▸ **What to work on**: In your copy, reproduce each entry exactly and leave out the pictures.
--
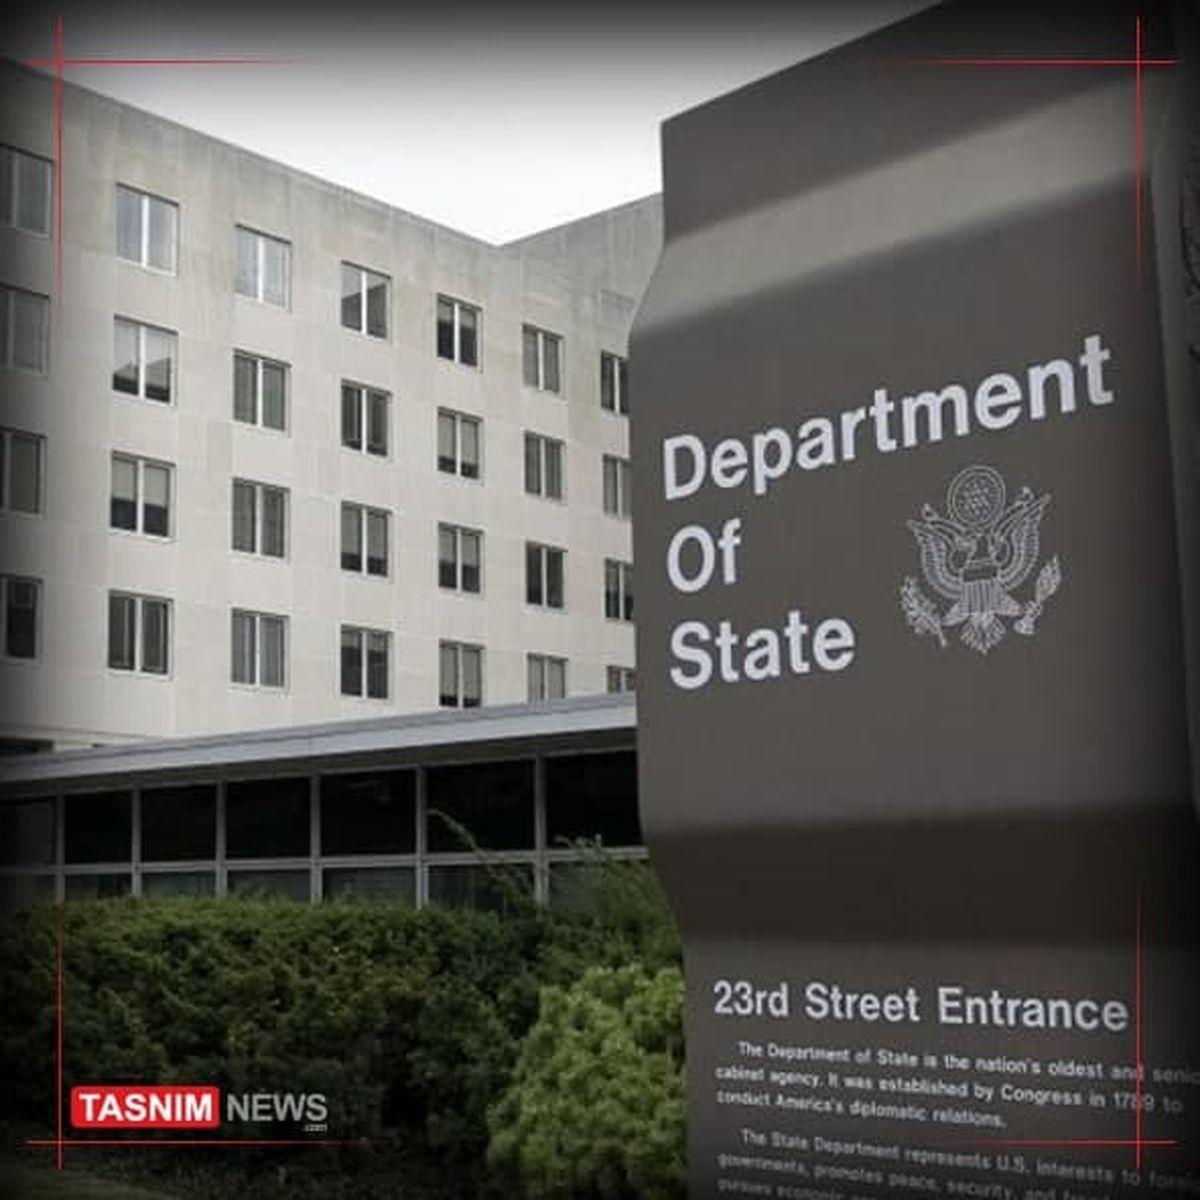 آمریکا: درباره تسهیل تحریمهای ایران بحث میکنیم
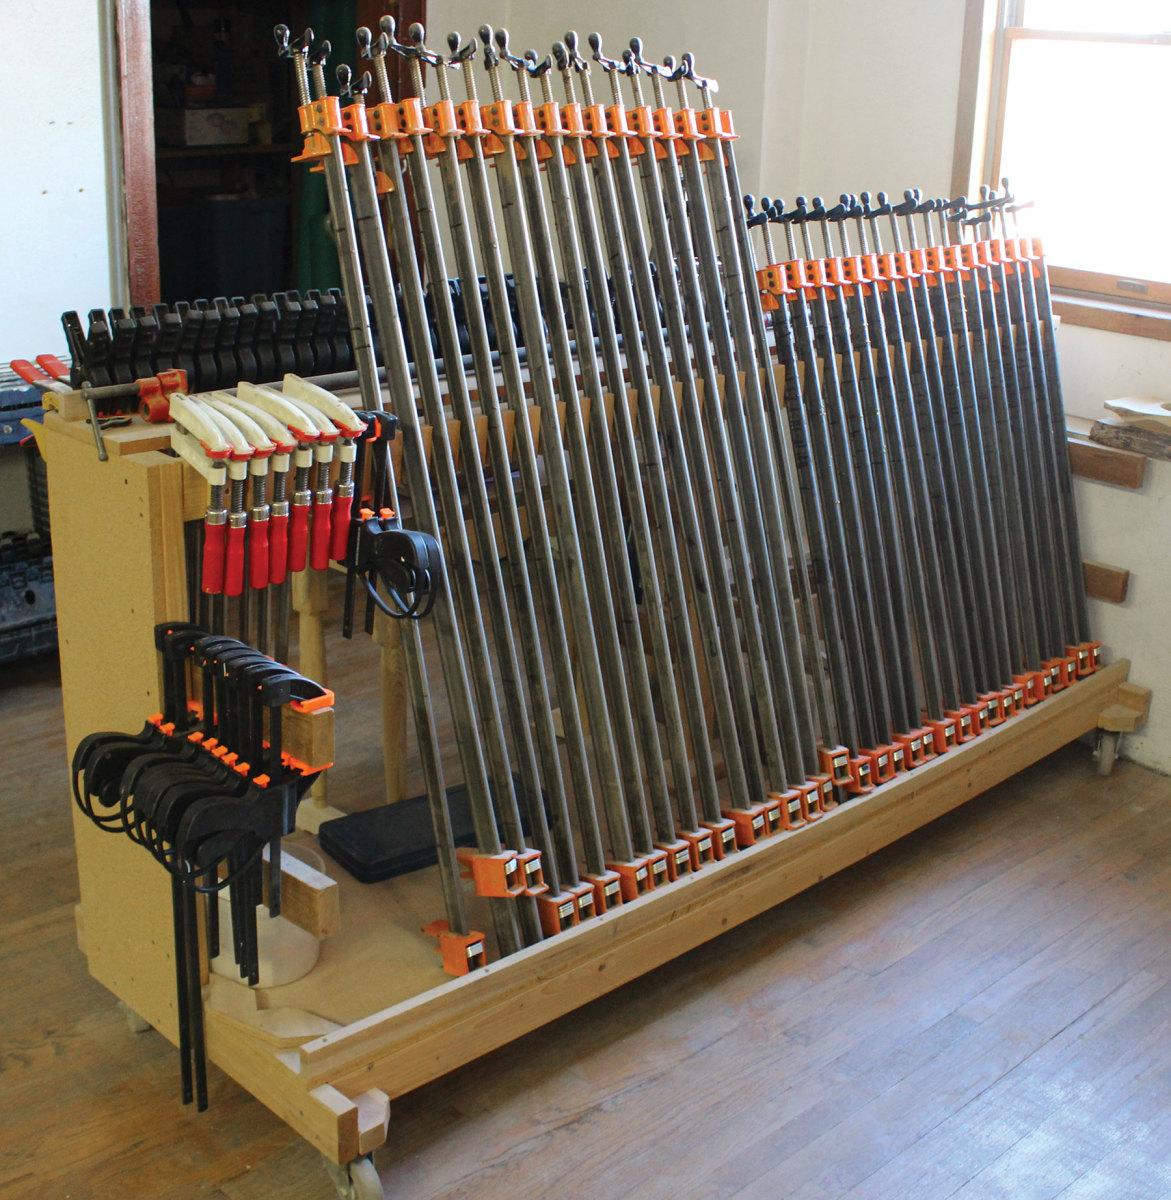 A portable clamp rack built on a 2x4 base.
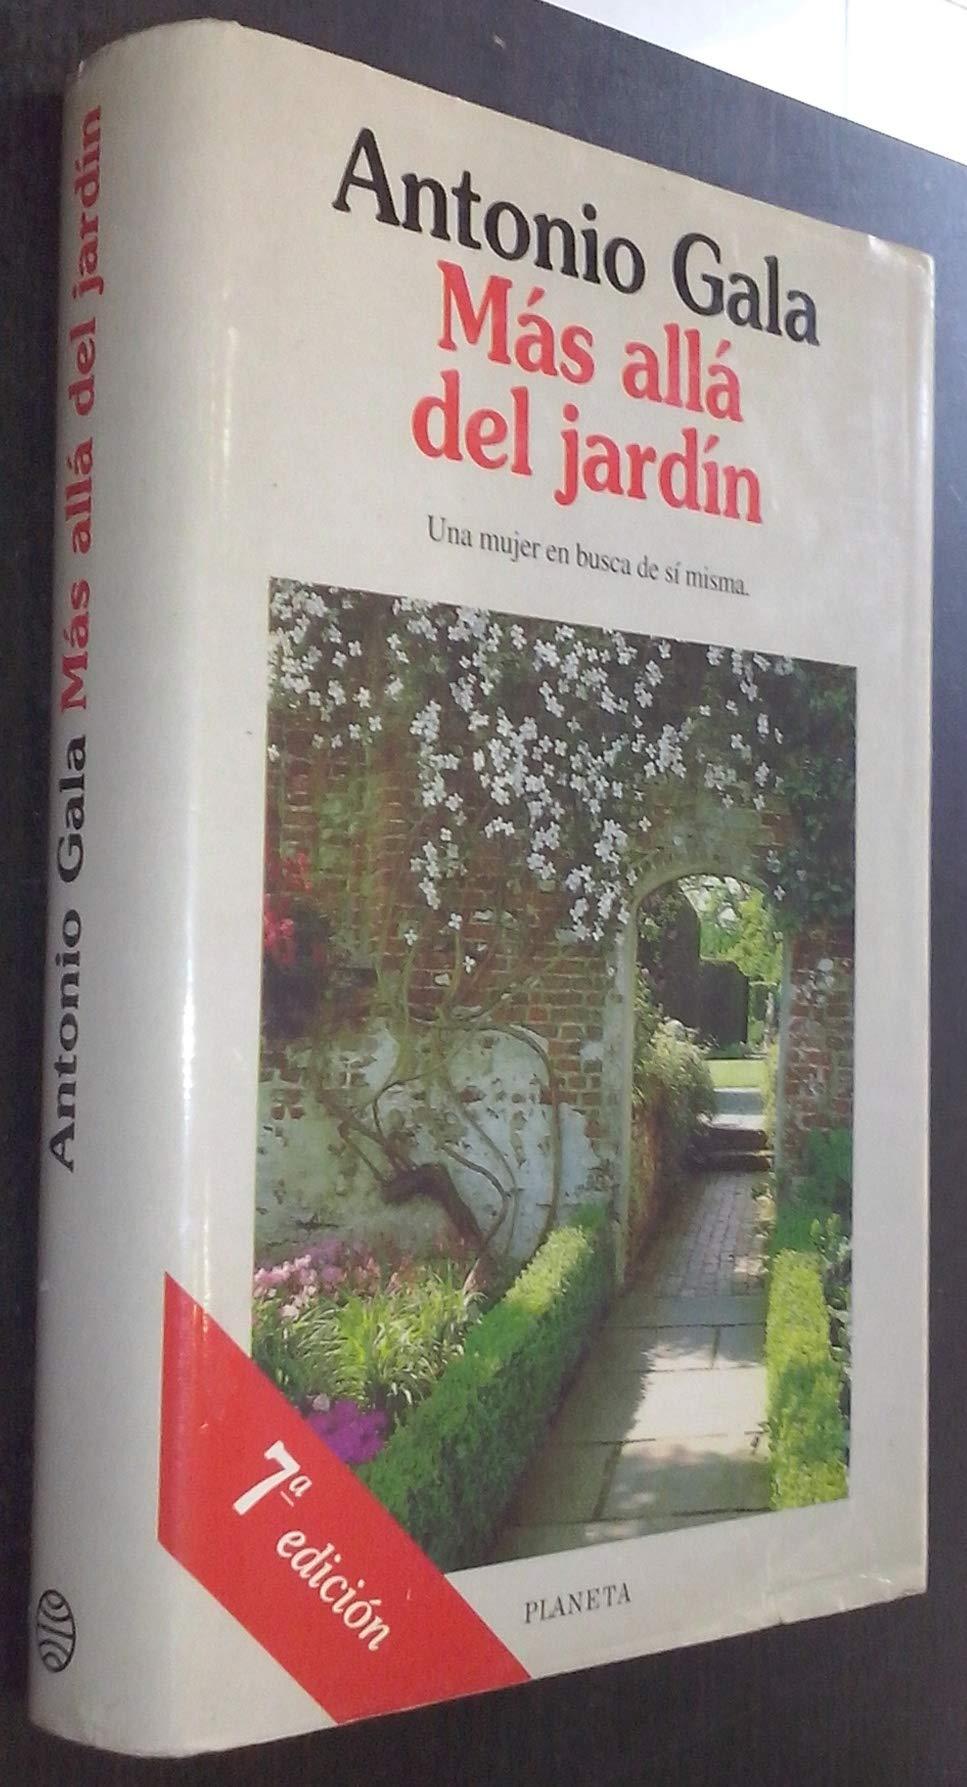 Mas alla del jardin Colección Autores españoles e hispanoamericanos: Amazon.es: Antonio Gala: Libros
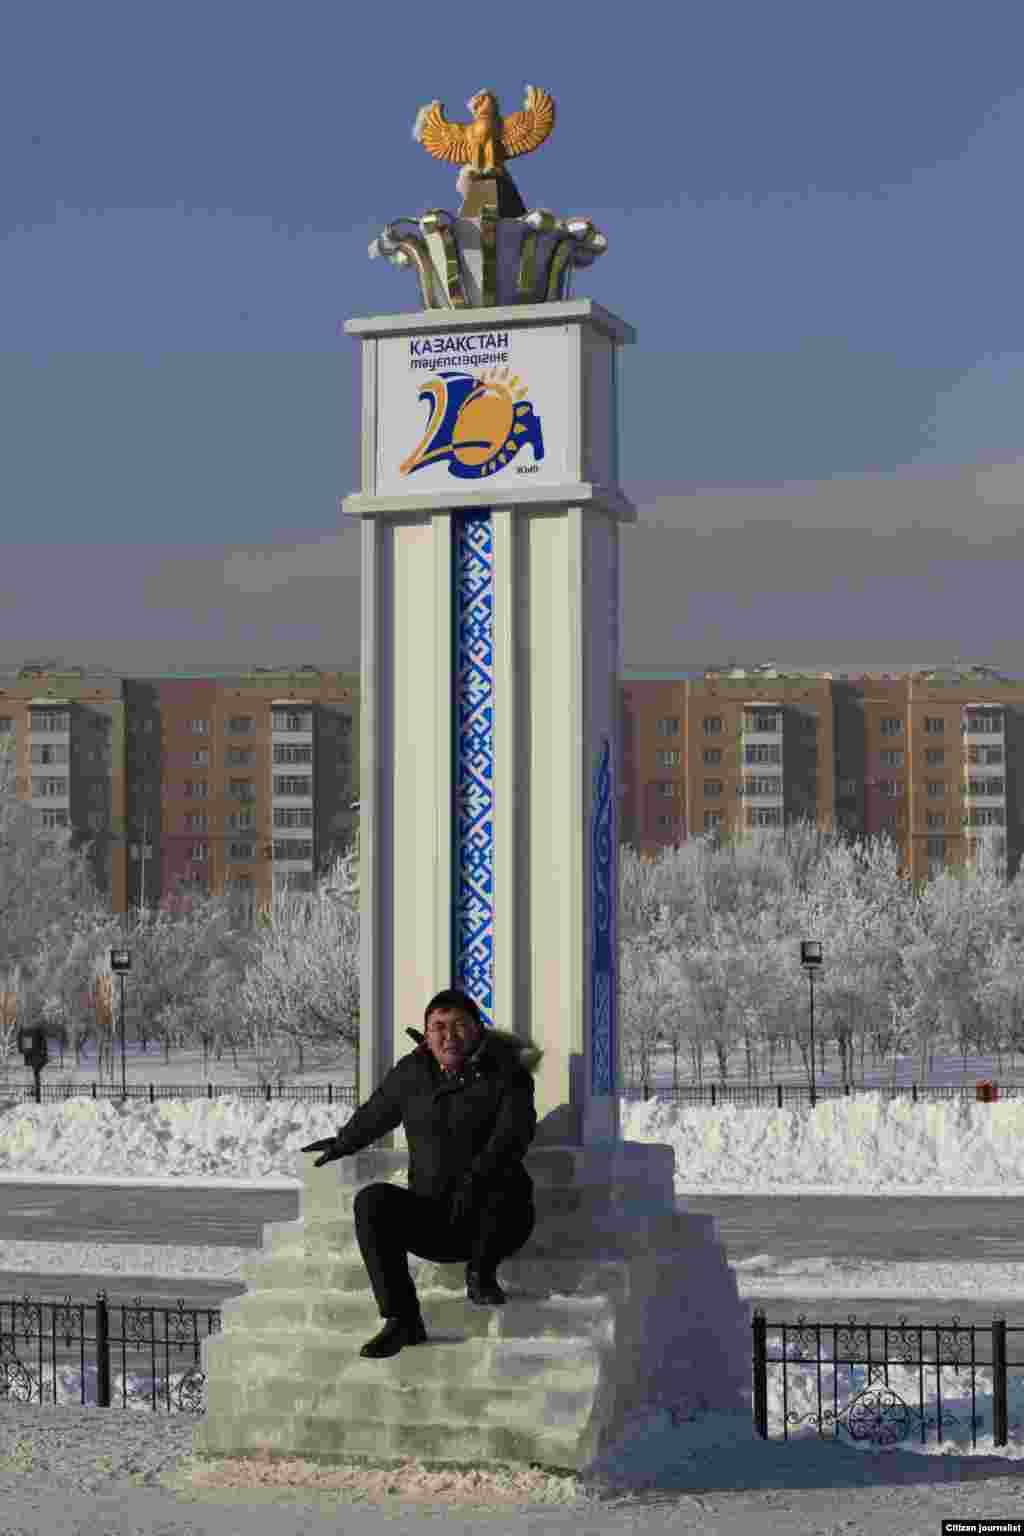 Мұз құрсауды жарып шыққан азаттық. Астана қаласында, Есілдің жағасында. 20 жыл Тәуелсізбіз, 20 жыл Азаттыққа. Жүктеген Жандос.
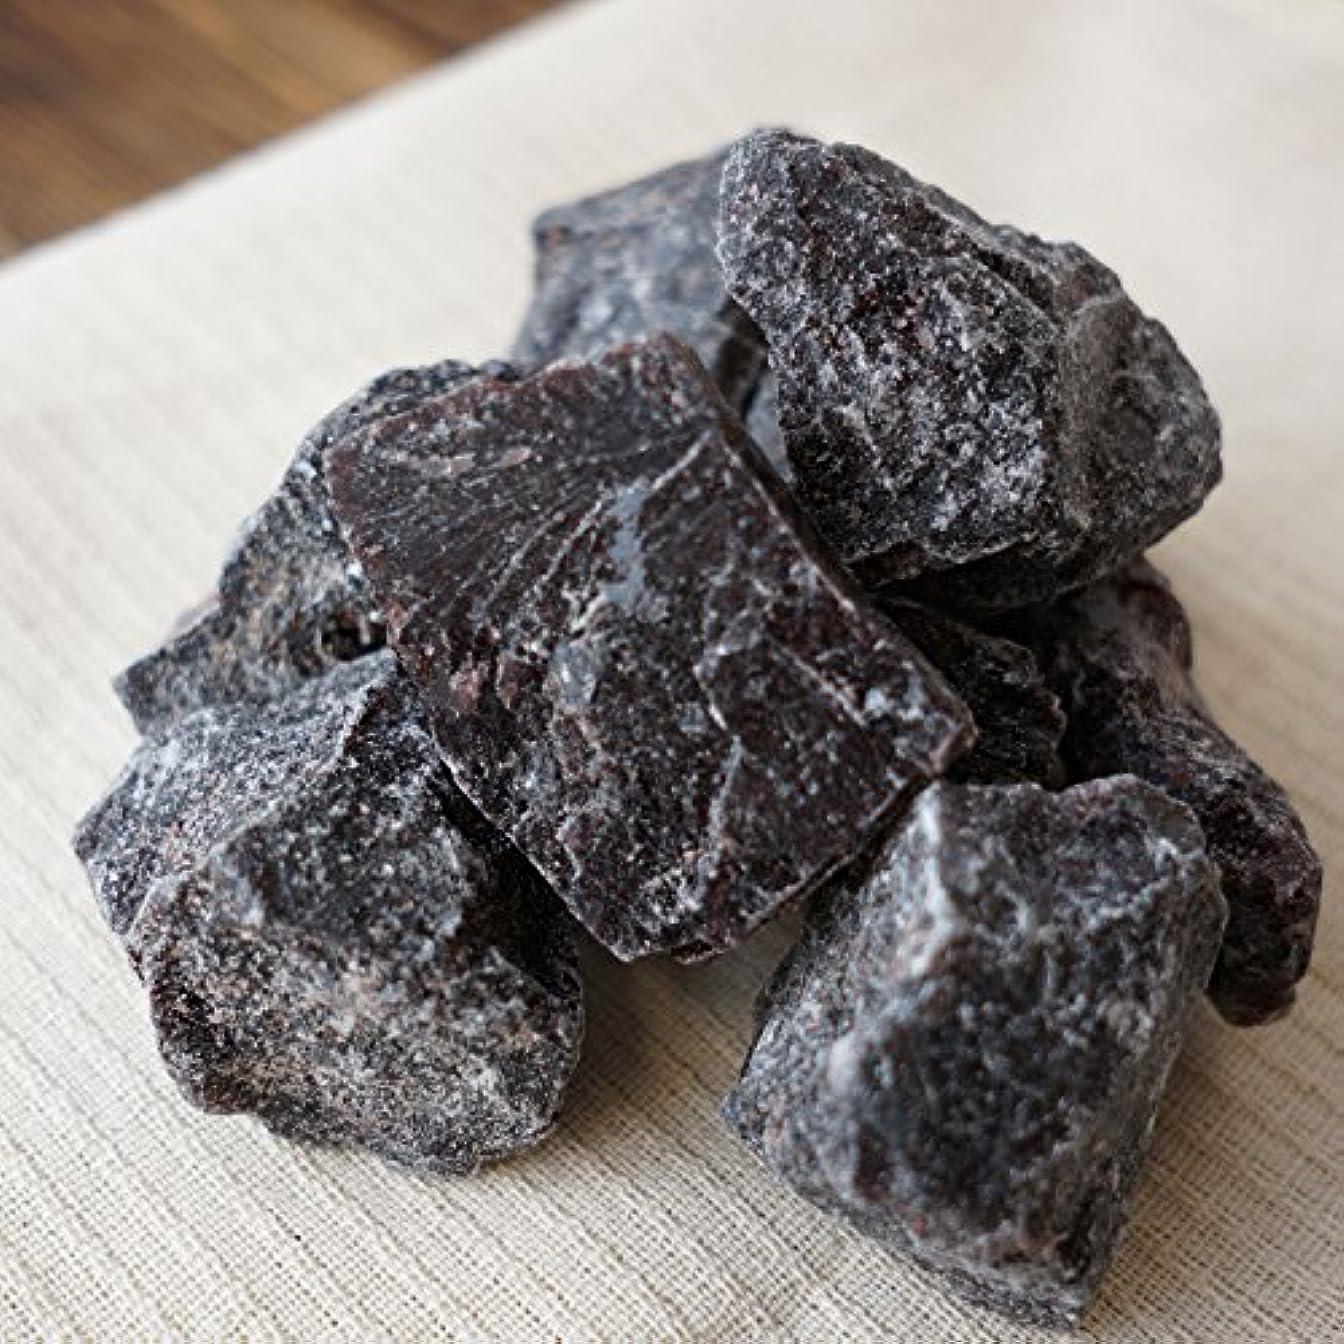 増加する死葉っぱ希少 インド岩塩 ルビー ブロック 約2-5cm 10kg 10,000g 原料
--
▸ **Answer for this exercise**:
 آمریکا: درباره تسهیل تحریمهای ایران بحث میکنیم
 A portable clamp rack built on a 2x4 base.
 Mas alla del jardin Colección Autores españoles e hispanoamericanos: Amazon.es: Antonio Gala: Libros
 Мұз құрсауды жарып шыққан азаттық. Астана қаласында, Есілдің жағасында. 20 жыл Тәуелсізбіз, 20 жыл Азаттыққа. Жүктеген Жандос.
 増加する死葉っぱ希少 インド岩塩 ルビー ブロック 約2-5cm 10kg 10,000g 原料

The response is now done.